There are four main steps in our multivariate spatial-statistical-prediction framework, corresponding to four numbered directories. These are:
1. `01_data_preparation`: Numbered files are to be run in order. Notebooks create the land-cover binary mask; collect and format all daily OCO-2 Lite files into a single NetCDF file for daily, spatially irregular SIF and a single NetCDF file for daily, spatially irregular XCO2; group SIF and XCO2 datasets by month and compute an average for each 0.05-degree CMG grid cell; an R script evaluates bisquare basis functions for all CMG grid cells; a final notebook combines gridded SIF, XCO2, and basis-function datasets into a single NetCDF file.
2. `02_modeling`: For each of February, April, July, and October 2021, notebooks compute empirical (cross-) semivariograms from the gridded SIF and XCO2 data (one month later), and fit modeled (cross-) semivariograms. Each notebook takes around 10 minutes to run, and can be run on a laptop.
3. `03_prediction`: For each of February, April, July, and October 2021, the predictions and prediction standard errors required for the coSIF data product are produced by running either `cokriging.py` or `kriging.py` from the command line and specifying the year-month string as an argument.
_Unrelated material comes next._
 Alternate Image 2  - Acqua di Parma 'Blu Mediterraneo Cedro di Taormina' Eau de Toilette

For example, to use cokriging in July 2021, run
```
conda activate cosif
cd 03_prediction
python cokriging.py 202107
```
Or, to use kriging in October 2021, run
```
conda activate cosif
cd 03_prediction
python kriging.py 202110
```
Note that these are long-running processes that can take several hours to one day of compute time on a 64-core server. It is advised that they be executed in a [screen session](https://linuxize.com/post/how-to-use-linux-screen/) to avoid issues with interruption. Once the predictions and prediction standard errors have been produced for each month, the coSIF data product is collected and formatted in `collect_coSIF_datasets.ipynb`.
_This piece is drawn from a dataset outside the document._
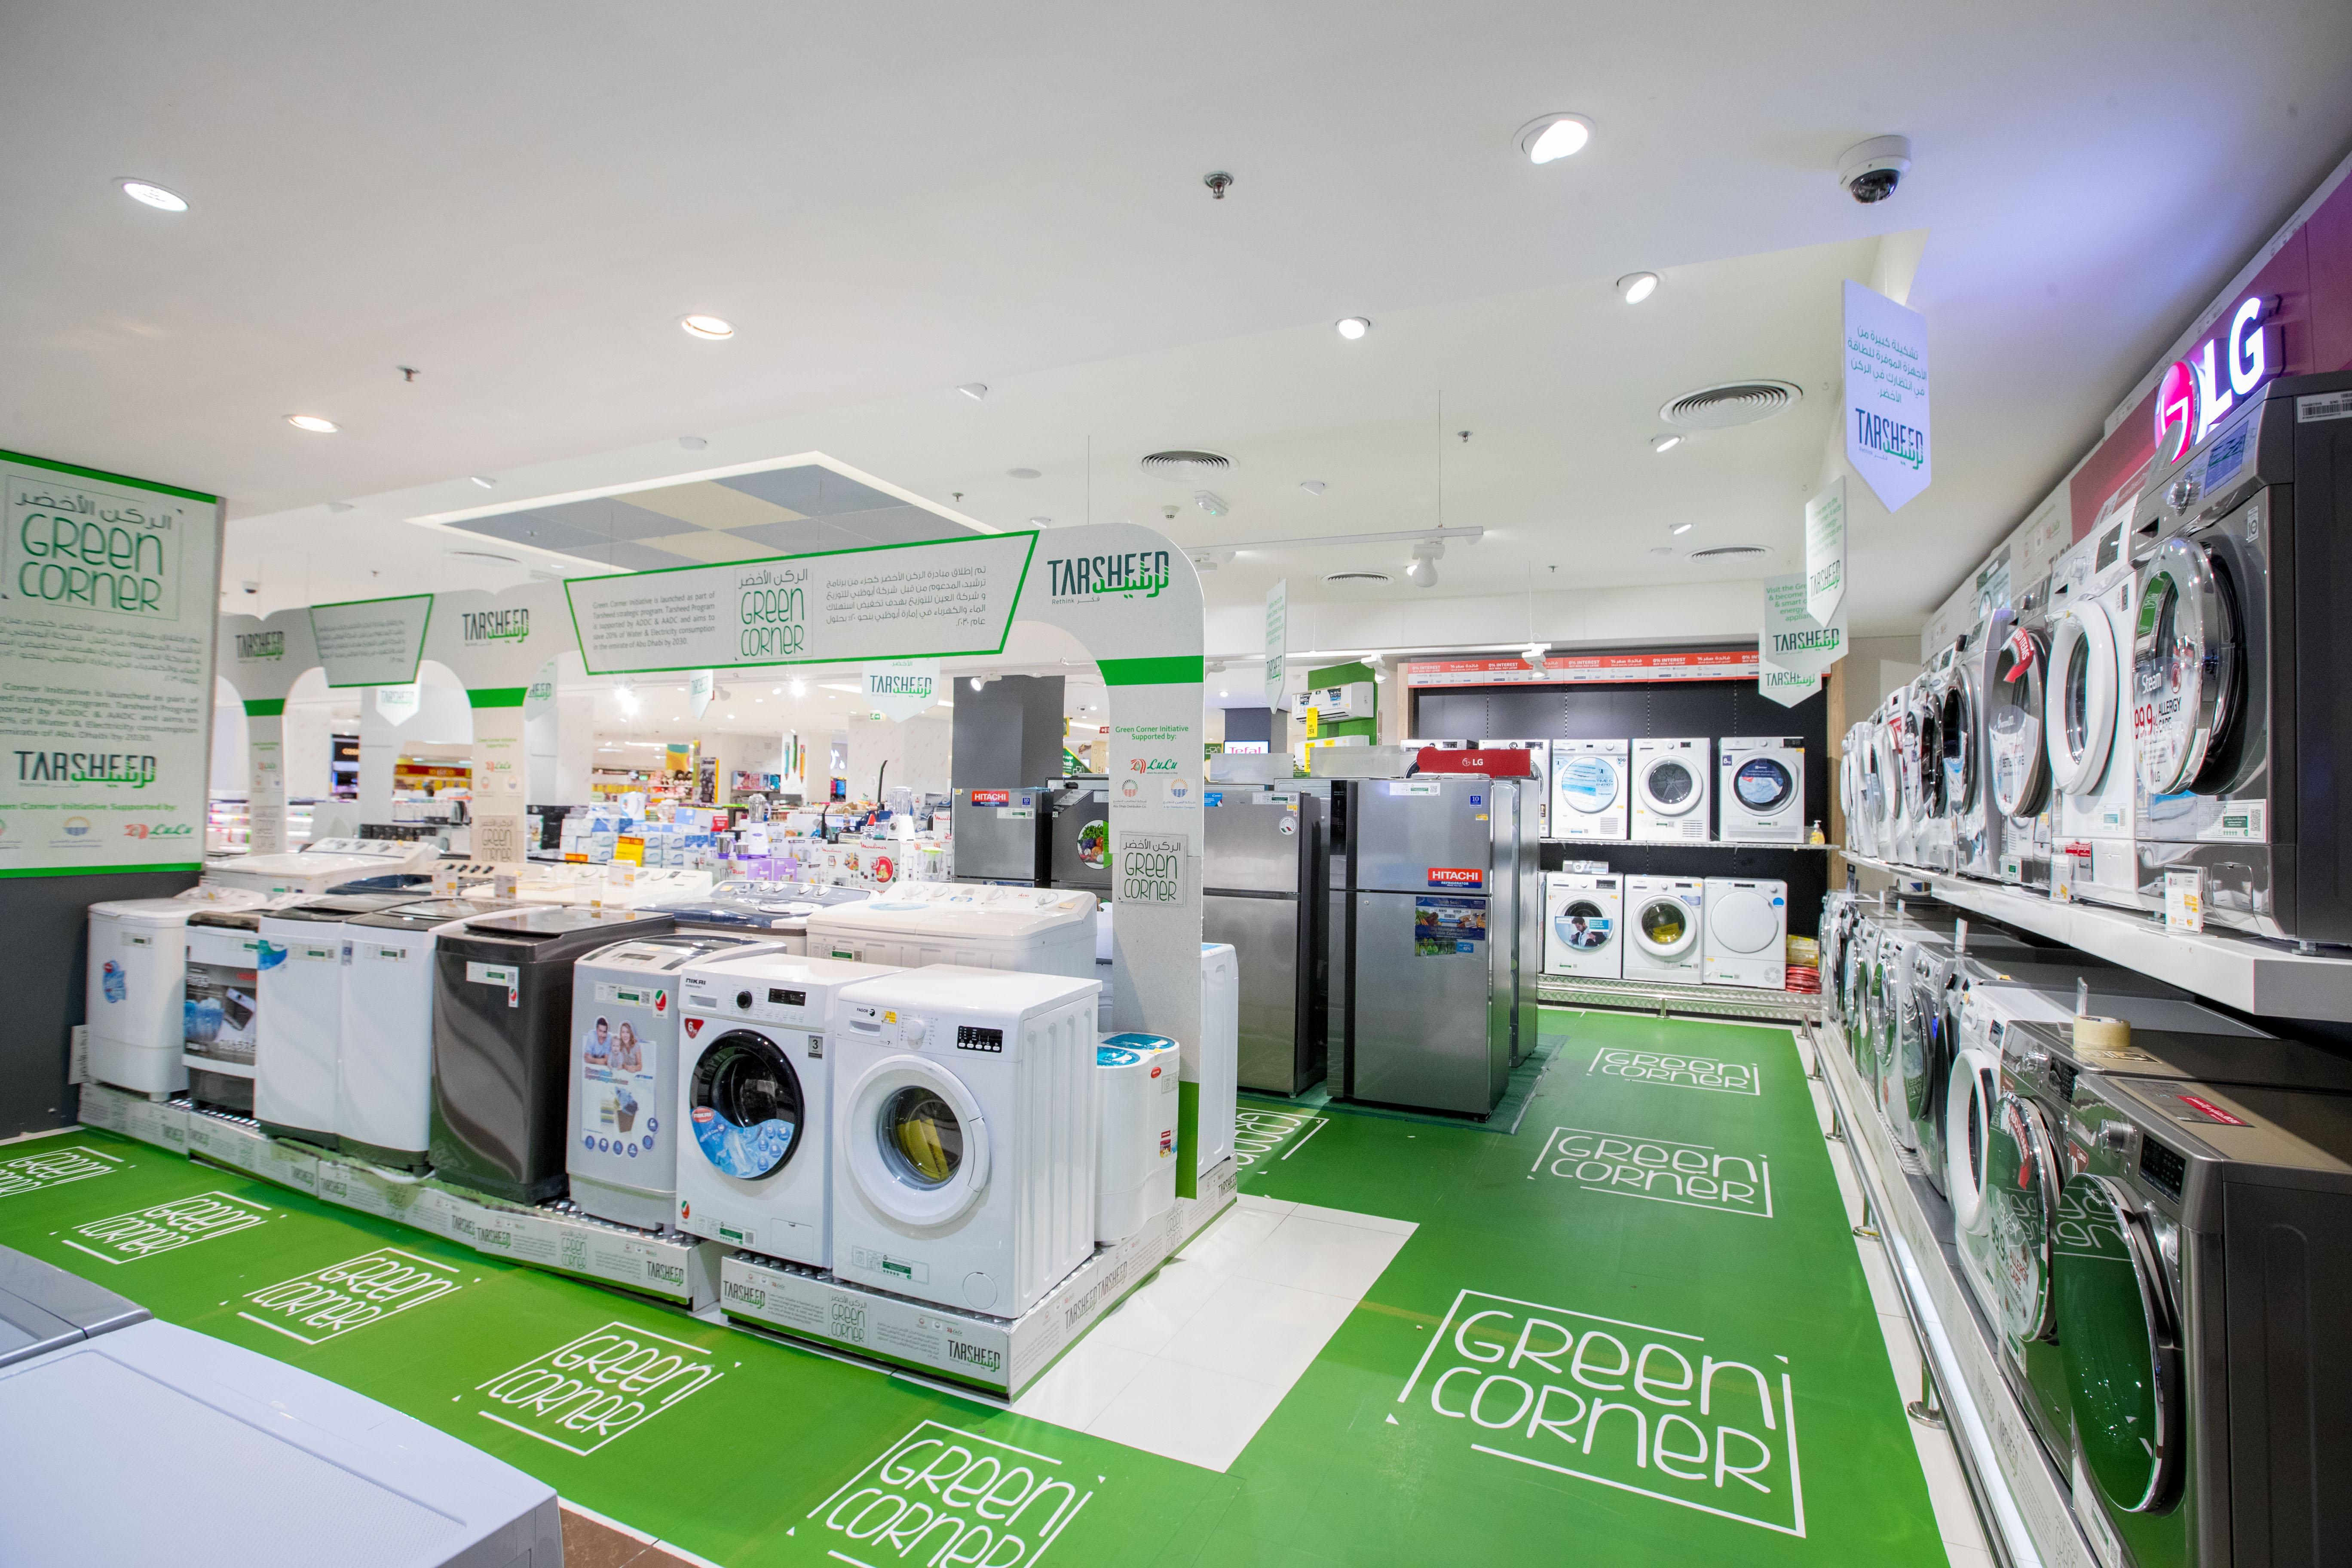 Abu Dhabi Distribution Company expands Green Corner

4. `04_validation`: For each of February, April, July, and October 2021, the validation predictions for the Corn Belt validation block (b1) and the Cropland validation block (b2) are produced by running `run_validation.py`. The script takes three arguments from the command line: 1) validation year-month; 2) block name; 3) number of cores for parallelization. For example, the script can be run for July 2021 in the Corn Belt validation block (b1) using 64 cores as follows:
```
conda activate cosif
cd 04_validation
python run_validation.py 202107 b1 64
```
The script can take around 30 minutes to run on a 64-core server. After running the script for both blocks in all four months, metrics used to summarize the validation predictions are collected in `collect_validation_results.ipynb`.
NOTE: ensure that all notebooks are run using the `cosif` conda environment.